* **What you need to do**
Print the records again, matching each line exactly.

* **Input for this task**
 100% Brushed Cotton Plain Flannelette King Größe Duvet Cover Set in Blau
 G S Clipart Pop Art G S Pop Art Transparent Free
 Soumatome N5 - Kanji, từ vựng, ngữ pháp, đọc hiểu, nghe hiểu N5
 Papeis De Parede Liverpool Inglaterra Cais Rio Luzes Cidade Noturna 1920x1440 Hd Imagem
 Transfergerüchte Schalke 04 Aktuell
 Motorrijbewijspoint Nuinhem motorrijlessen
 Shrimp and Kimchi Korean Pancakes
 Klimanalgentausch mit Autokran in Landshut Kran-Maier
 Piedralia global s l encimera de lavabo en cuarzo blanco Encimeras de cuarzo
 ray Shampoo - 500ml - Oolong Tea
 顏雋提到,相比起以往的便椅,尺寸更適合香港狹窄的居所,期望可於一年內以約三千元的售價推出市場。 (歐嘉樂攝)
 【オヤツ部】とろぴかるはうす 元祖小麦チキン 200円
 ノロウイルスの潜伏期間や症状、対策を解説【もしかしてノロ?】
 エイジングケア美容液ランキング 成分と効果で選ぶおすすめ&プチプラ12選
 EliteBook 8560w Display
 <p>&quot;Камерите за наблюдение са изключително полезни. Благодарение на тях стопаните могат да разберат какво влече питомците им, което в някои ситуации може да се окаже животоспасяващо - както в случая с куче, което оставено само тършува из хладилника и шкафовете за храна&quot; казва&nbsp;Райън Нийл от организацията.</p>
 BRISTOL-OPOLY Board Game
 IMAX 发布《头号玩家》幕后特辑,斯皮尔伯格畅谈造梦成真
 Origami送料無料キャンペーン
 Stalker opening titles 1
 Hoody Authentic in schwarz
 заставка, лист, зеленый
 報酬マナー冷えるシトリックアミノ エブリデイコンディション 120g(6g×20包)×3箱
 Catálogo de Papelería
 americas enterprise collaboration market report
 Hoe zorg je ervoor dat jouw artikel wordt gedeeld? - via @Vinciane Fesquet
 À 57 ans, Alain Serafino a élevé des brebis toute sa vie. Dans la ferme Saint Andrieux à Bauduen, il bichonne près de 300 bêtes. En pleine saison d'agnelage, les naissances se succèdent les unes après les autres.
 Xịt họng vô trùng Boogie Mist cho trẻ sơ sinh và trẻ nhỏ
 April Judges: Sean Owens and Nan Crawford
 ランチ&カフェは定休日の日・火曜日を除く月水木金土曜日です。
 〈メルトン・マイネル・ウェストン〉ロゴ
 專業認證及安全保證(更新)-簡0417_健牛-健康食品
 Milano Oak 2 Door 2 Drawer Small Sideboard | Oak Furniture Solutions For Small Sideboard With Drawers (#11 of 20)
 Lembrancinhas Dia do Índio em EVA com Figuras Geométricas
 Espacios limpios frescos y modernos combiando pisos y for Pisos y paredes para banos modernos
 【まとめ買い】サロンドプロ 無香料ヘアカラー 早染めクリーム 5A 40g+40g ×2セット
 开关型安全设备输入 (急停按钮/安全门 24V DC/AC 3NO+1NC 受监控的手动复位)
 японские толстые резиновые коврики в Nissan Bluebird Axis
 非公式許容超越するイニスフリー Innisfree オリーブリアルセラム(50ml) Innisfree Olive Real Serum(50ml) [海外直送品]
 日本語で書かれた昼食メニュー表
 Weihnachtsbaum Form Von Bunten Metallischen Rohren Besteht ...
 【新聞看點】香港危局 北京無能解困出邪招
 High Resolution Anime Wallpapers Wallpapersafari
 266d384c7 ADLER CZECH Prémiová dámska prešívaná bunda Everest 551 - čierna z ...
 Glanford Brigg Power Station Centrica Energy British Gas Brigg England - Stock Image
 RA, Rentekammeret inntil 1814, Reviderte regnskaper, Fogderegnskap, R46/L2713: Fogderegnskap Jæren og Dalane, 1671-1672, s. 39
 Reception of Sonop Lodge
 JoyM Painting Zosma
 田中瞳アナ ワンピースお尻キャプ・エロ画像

* **Result**
 100% Brushed Cotton Plain Flannelette King Größe Duvet Cover Set in Blau
 G S Clipart Pop Art G S Pop Art Transparent Free
 Soumatome N5 - Kanji, từ vựng, ngữ pháp, đọc hiểu, nghe hiểu N5
 Papeis De Parede Liverpool Inglaterra Cais Rio Luzes Cidade Noturna 1920x1440 Hd Imagem
 Transfergerüchte Schalke 04 Aktuell
 Motorrijbewijspoint Nuinhem motorrijlessen
 Shrimp and Kimchi Korean Pancakes
 Klimanalgentausch mit Autokran in Landshut Kran-Maier
 Piedralia global s l encimera de lavabo en cuarzo blanco Encimeras de cuarzo
 ray Shampoo - 500ml - Oolong Tea
 顏雋提到,相比起以往的便椅,尺寸更適合香港狹窄的居所,期望可於一年內以約三千元的售價推出市場。 (歐嘉樂攝)
 【オヤツ部】とろぴかるはうす 元祖小麦チキン 200円
 ノロウイルスの潜伏期間や症状、対策を解説【もしかしてノロ?】
 エイジングケア美容液ランキング 成分と効果で選ぶおすすめ&プチプラ12選
 EliteBook 8560w Display
 <p>&quot;Камерите за наблюдение са изключително полезни. Благодарение на тях стопаните могат да разберат какво влече питомците им, което в някои ситуации може да се окаже животоспасяващо - както в случая с куче, което оставено само тършува из хладилника и шкафовете за храна&quot; казва&nbsp;Райън Нийл от организацията.</p>
 BRISTOL-OPOLY Board Game
 IMAX 发布《头号玩家》幕后特辑,斯皮尔伯格畅谈造梦成真
 Origami送料無料キャンペーン
 Stalker opening titles 1
 Hoody Authentic in schwarz
 заставка, лист, зеленый
 報酬マナー冷えるシトリックアミノ エブリデイコンディション 120g(6g×20包)×3箱
 Catálogo de Papelería
 americas enterprise collaboration market report
 Hoe zorg je ervoor dat jouw artikel wordt gedeeld? - via @Vinciane Fesquet
 À 57 ans, Alain Serafino a élevé des brebis toute sa vie. Dans la ferme Saint Andrieux à Bauduen, il bichonne près de 300 bêtes. En pleine saison d'agnelage, les naissances se succèdent les unes après les autres.
 Xịt họng vô trùng Boogie Mist cho trẻ sơ sinh và trẻ nhỏ
 April Judges: Sean Owens and Nan Crawford
 ランチ&カフェは定休日の日・火曜日を除く月水木金土曜日です。
 〈メルトン・マイネル・ウェストン〉ロゴ
 專業認證及安全保證(更新)-簡0417_健牛-健康食品
 Milano Oak 2 Door 2 Drawer Small Sideboard | Oak Furniture Solutions For Small Sideboard With Drawers (#11 of 20)
 Lembrancinhas Dia do Índio em EVA com Figuras Geométricas
 Espacios limpios frescos y modernos combiando pisos y for Pisos y paredes para banos modernos
 【まとめ買い】サロンドプロ 無香料ヘアカラー 早染めクリーム 5A 40g+40g ×2セット
 开关型安全设备输入 (急停按钮/安全门 24V DC/AC 3NO+1NC 受监控的手动复位)
 японские толстые резиновые коврики в Nissan Bluebird Axis
 非公式許容超越するイニスフリー Innisfree オリーブリアルセラム(50ml) Innisfree Olive Real Serum(50ml) [海外直送品]
 日本語で書かれた昼食メニュー表
 Weihnachtsbaum Form Von Bunten Metallischen Rohren Besteht ...
 【新聞看點】香港危局 北京無能解困出邪招
 High Resolution Anime Wallpapers Wallpapersafari
 266d384c7 ADLER CZECH Prémiová dámska prešívaná bunda Everest 551 - čierna z ...
 Glanford Brigg Power Station Centrica Energy British Gas Brigg England - Stock Image
 RA, Rentekammeret inntil 1814, Reviderte regnskaper, Fogderegnskap, R46/L2713: Fogderegnskap Jæren og Dalane, 1671-1672, s. 39
 Reception of Sonop Lodge
 JoyM Painting Zosma
 田中瞳アナ ワンピースお尻キャプ・エロ画像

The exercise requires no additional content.